Official MoEDict Pleco Release

Discussion in 'Pleco for Android' started by mikelove, Aug 5, 2015.

  1. mikelove

    mikelove 皇帝 Staff Member

    Check free section of Add-ons. Available on 3.2.12 too (and in the latest iOS release) but Ruby Zhuyin is only in 3.2.13.

    This proved to be a lot harder than we anticipated - some parts of the data needed extensive manual cleaning - but we're pretty satisfied with the result now; feedback certainly welcome though.

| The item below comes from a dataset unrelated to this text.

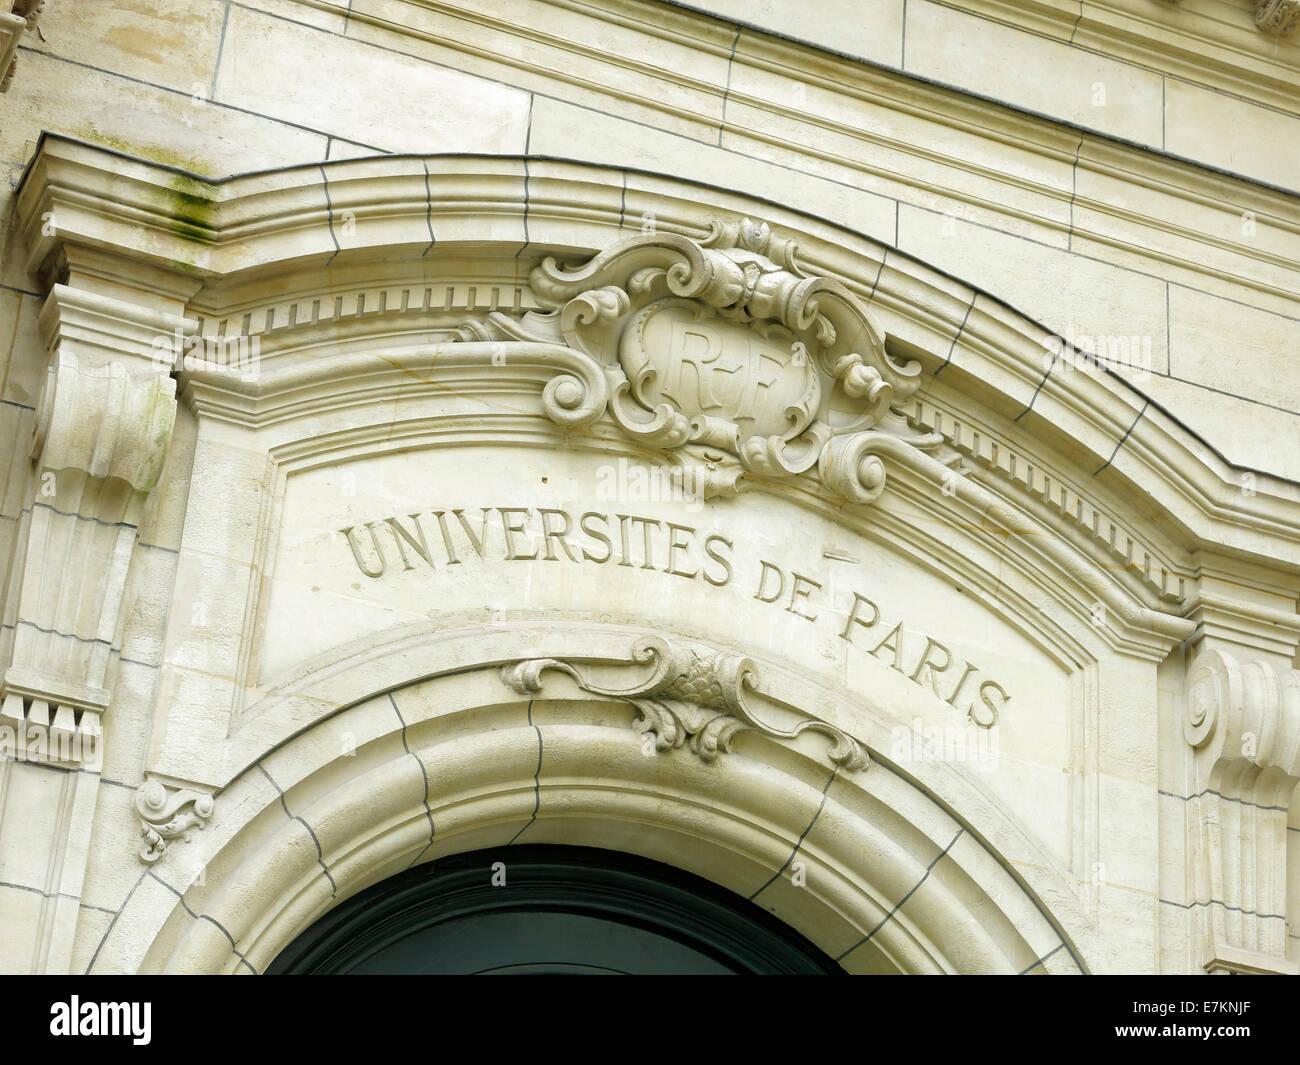 Sorbonne University of Paris doorway stone arch. - Stock Image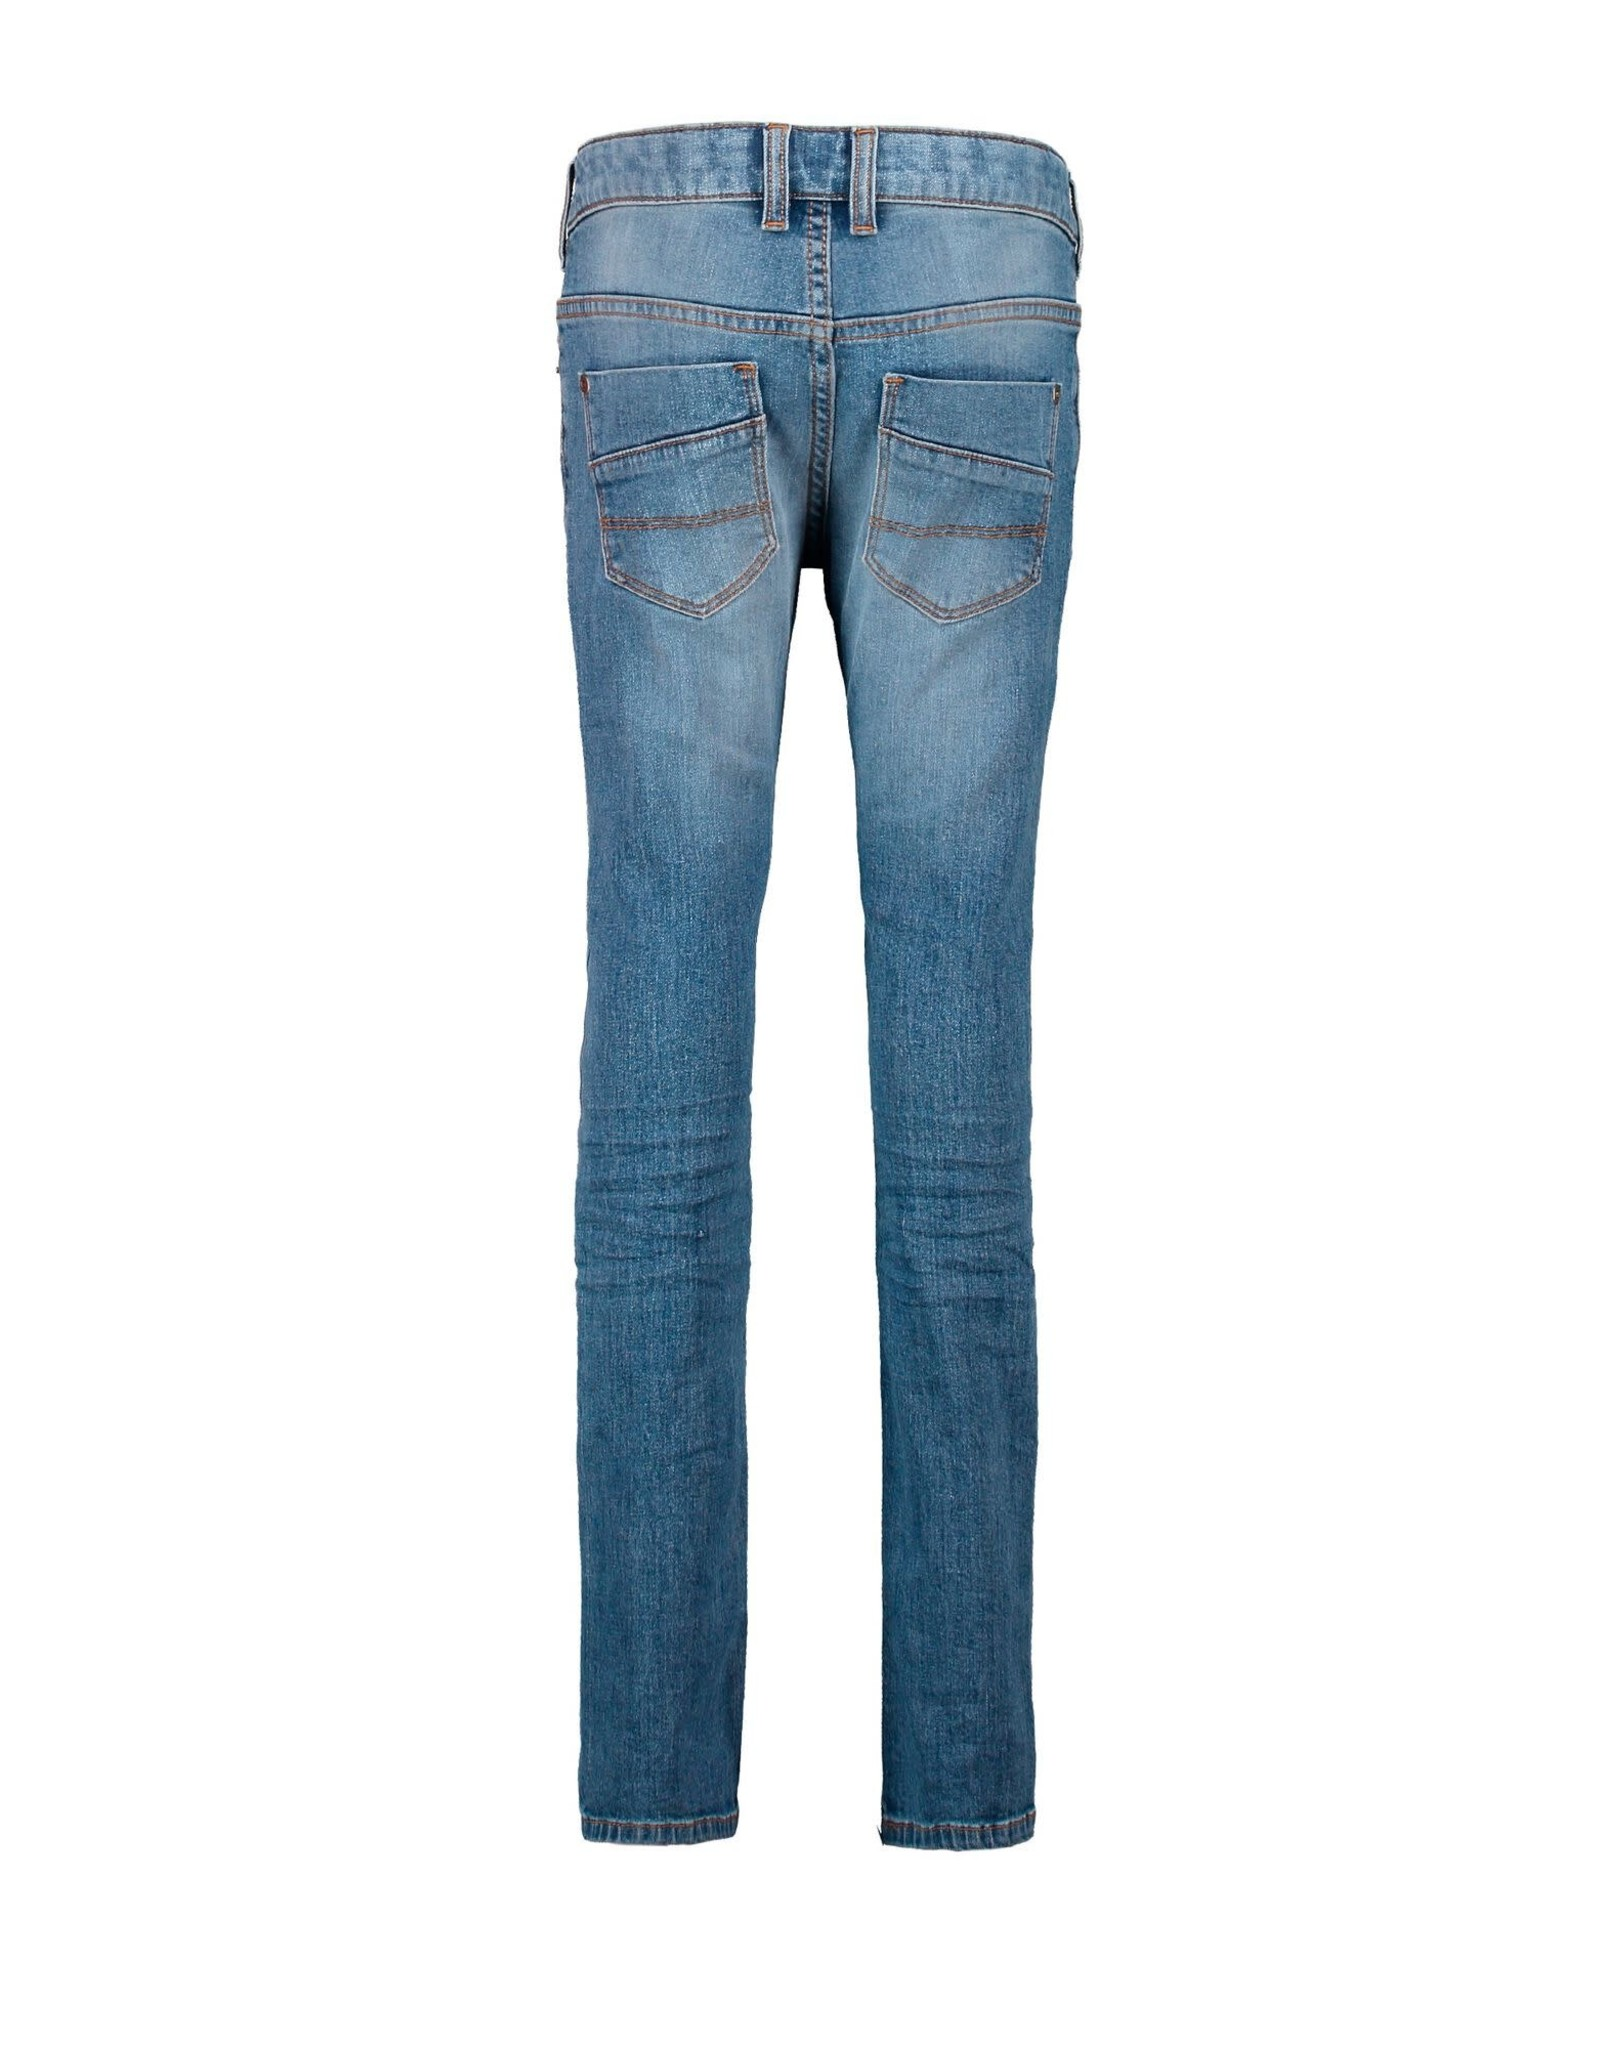 CKS skinvolume jeans

    两岸词典 should be available soon too, and we've also got another interesting free dictionary we'll be launching probably any day now.
     
    Last edited: Aug 5, 2015
  2. Peter

    Peter 探花

    Example sentences appear on the DICT page, but not on the SENTS page. No biggie, since the existing MoE import by hsk80 didn't have that either.
     
  3. alex_hk90

    alex_hk90 状元

    Thanks Mike. :)

    Out of interest, are you submitting the changes of the manual cleaning back upstream?
    Obviously it doesn't really matter to me as I'll likely only be using MoEDict in Pleco anyway. :)
     
    Abun likes this.
  4. Abun

    Abun 探花

    awesome! Excited to maybe see the Minnan and Hakka dictionaries soon as well (hopefully?)
     
  5. Taichi

    Taichi 榜眼

    I failed to remap some nonofficial Moe flash entries to the official dictionary (I attached a screenshot). Some of them are due to the problem on unofficial Moe side, but I found some (seemingly) official moe side problems as well.
    - 说人人到,說鬼鬼到, 適材适用 traditional and simplifed mixed together.
    - 一纲成擒,箱纲养殖,「三日打鱼,两日晒纲」 should be 网 not 纲.
    - 大出鋒頭,一著,抽菸 missing simplified?

    And some random questions
    - Is there any plan for bolding the word?
    - 如:「」 Make this type of example sentense playable. Maybe can omit「」and even 如:
    - I see "似 暖和 溫暖" at the buttom of "温和" definitions. This should be appended to the the first definition
    - 勞動 lao2dong4 definition has 勞動 lao2dong0 definition appended at the bottom without a separator and pronunciation . Maybe it shouldn't appear at all in the first place.
    - 塞翁失馬 shows "別人去安慰他,他卻說" as a reference
     

    Attached Files:

    Last edited: Aug 6, 2015
  6. mikelove

    mikelove 皇帝 Staff Member

    @Peter - not sure why they're not coming up, actually; we'll investigate + hopefully patch that shortly.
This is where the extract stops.